* Task statement
Although the listing contains pictures, reproduce only its text, exactly as written.

* Provided material
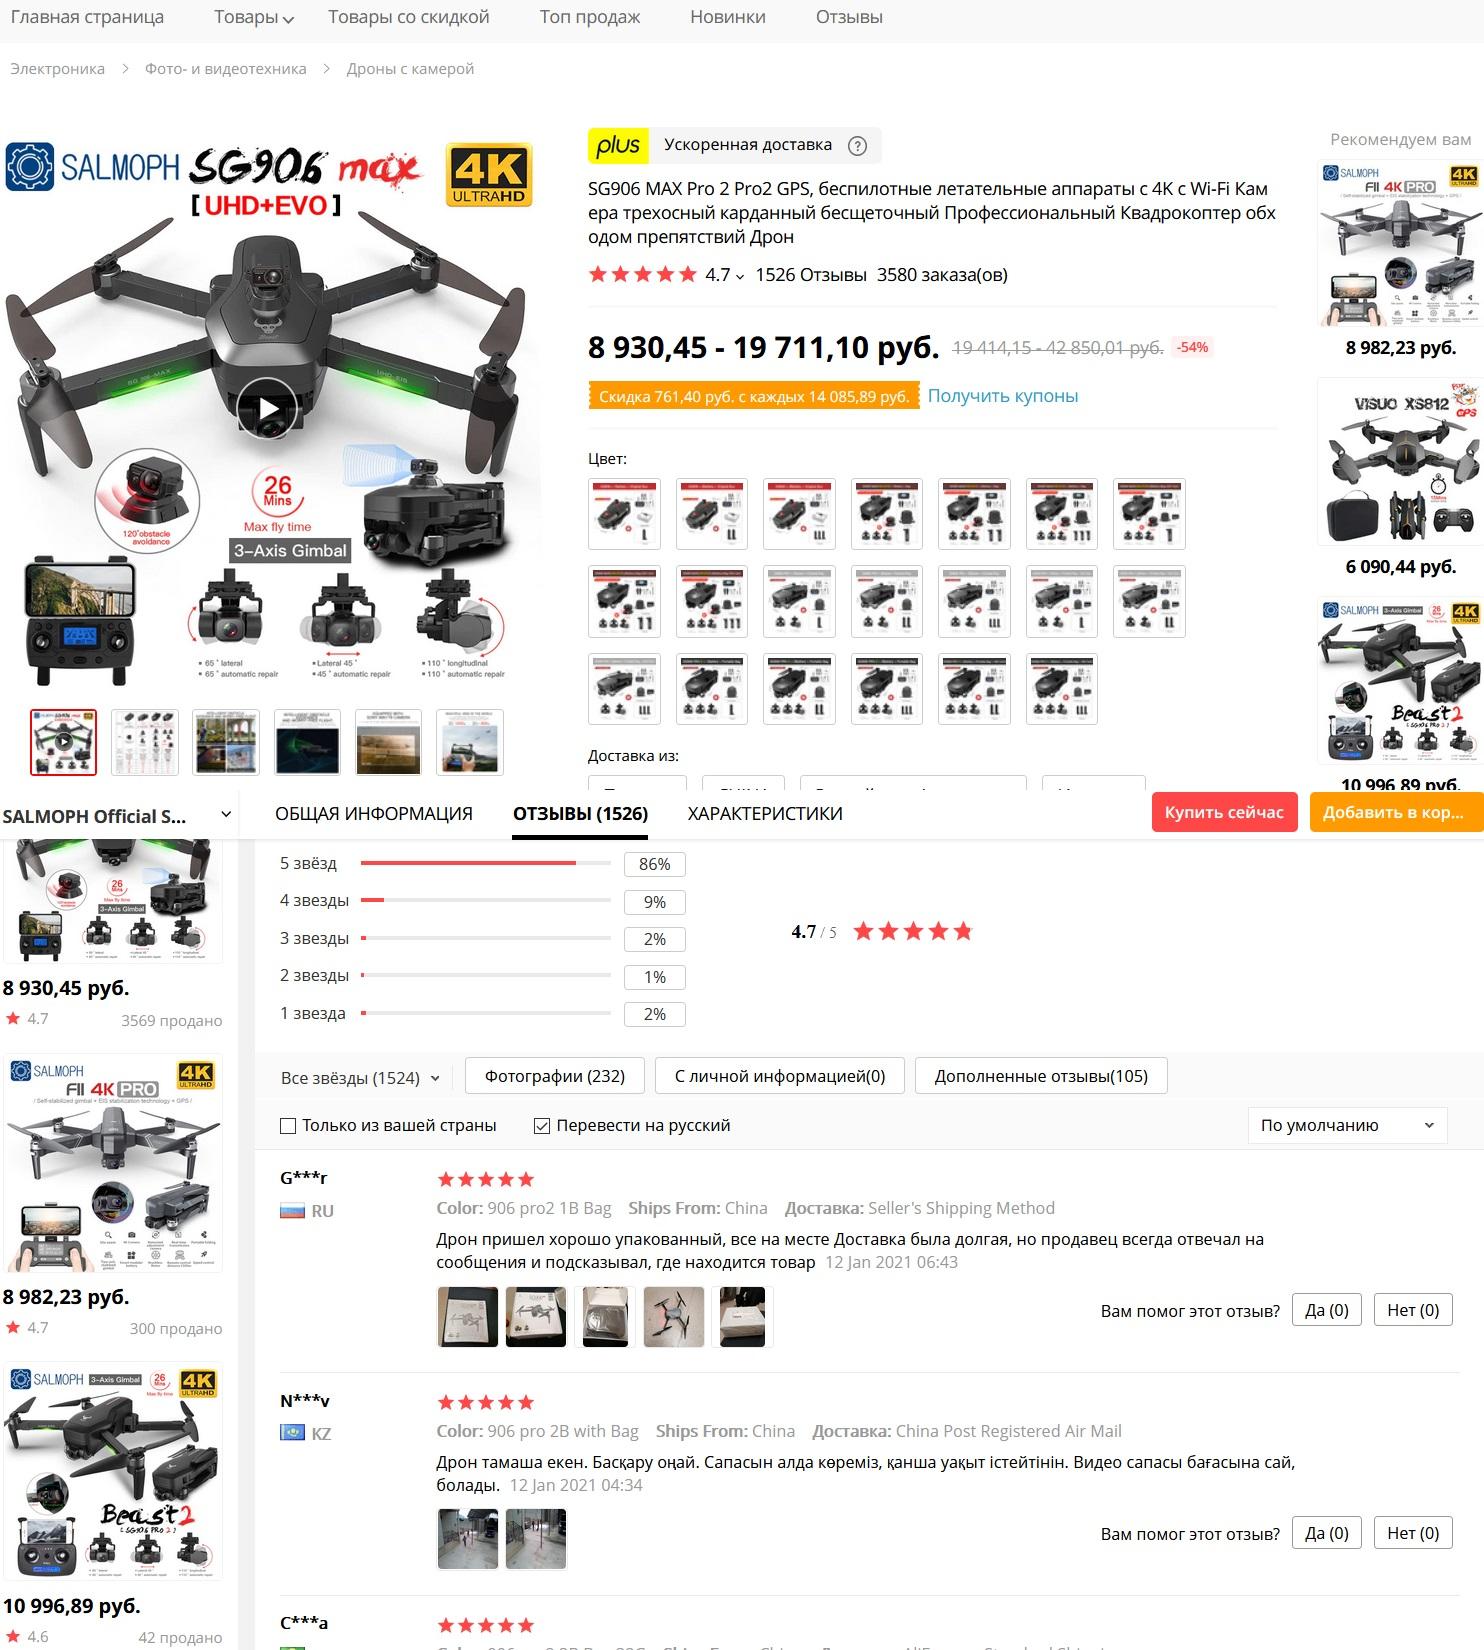 Квадрокоптер SG906 MAX Pro 2 GPS
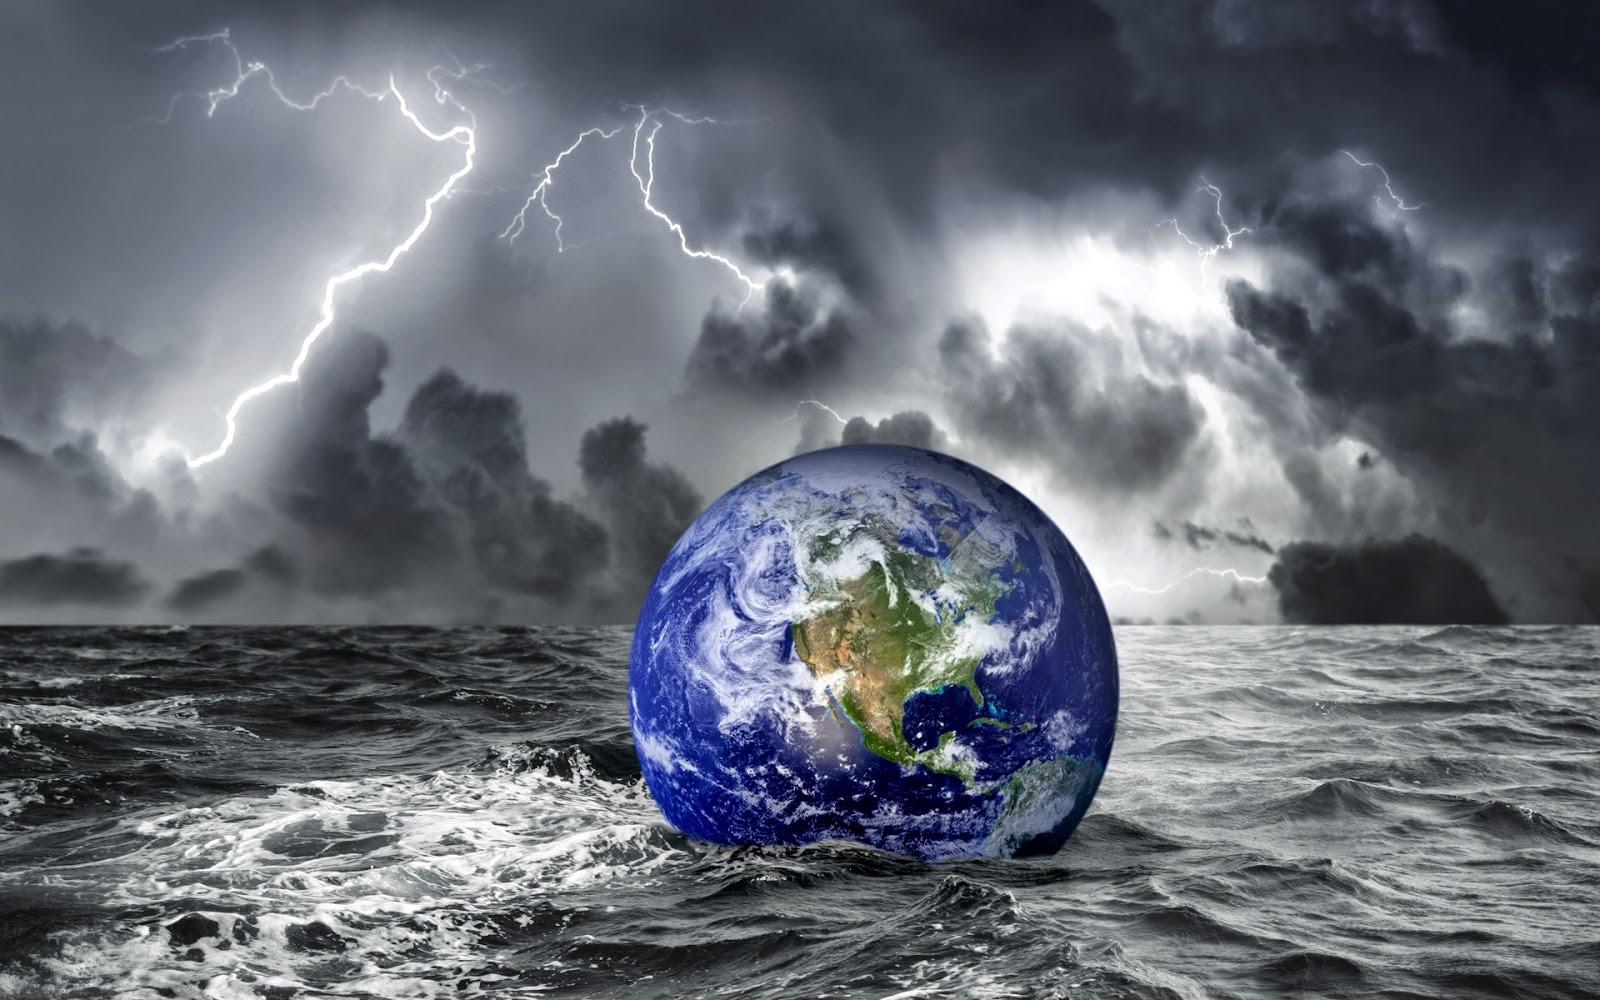 Fantasie achtergrond met globe in het water
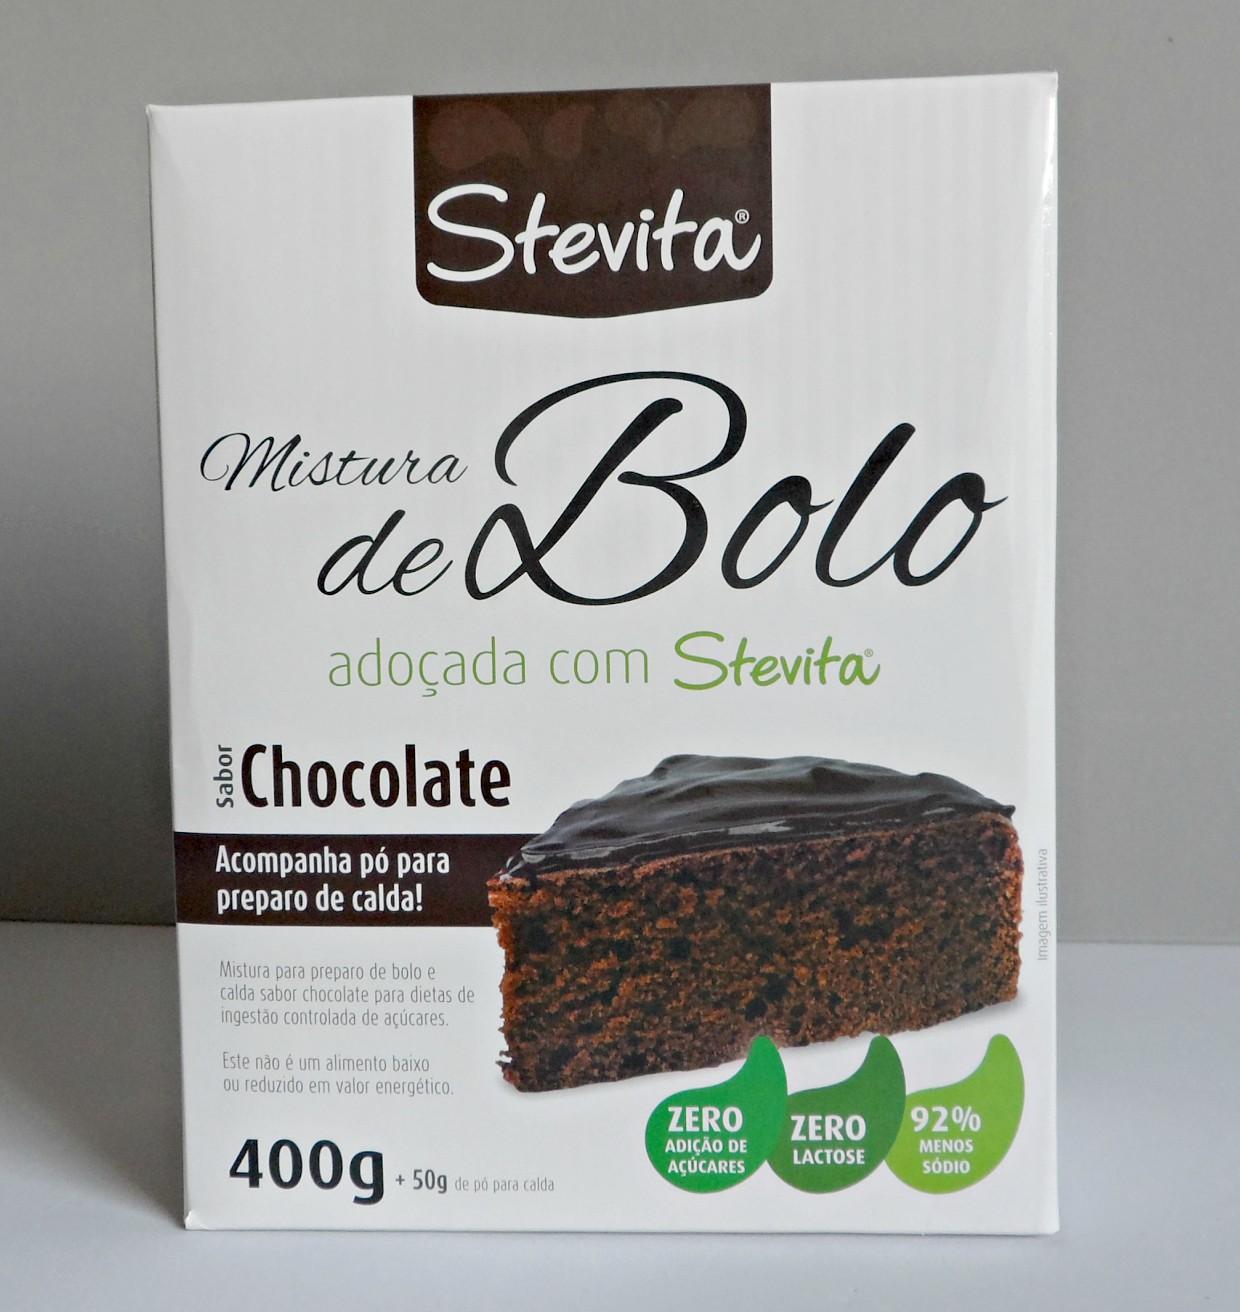 Stevita

* Reply
 Квадрокоптер SG906 MAX Pro 2 GPS
 Fantasie achtergrond met globe in het water
 Stevita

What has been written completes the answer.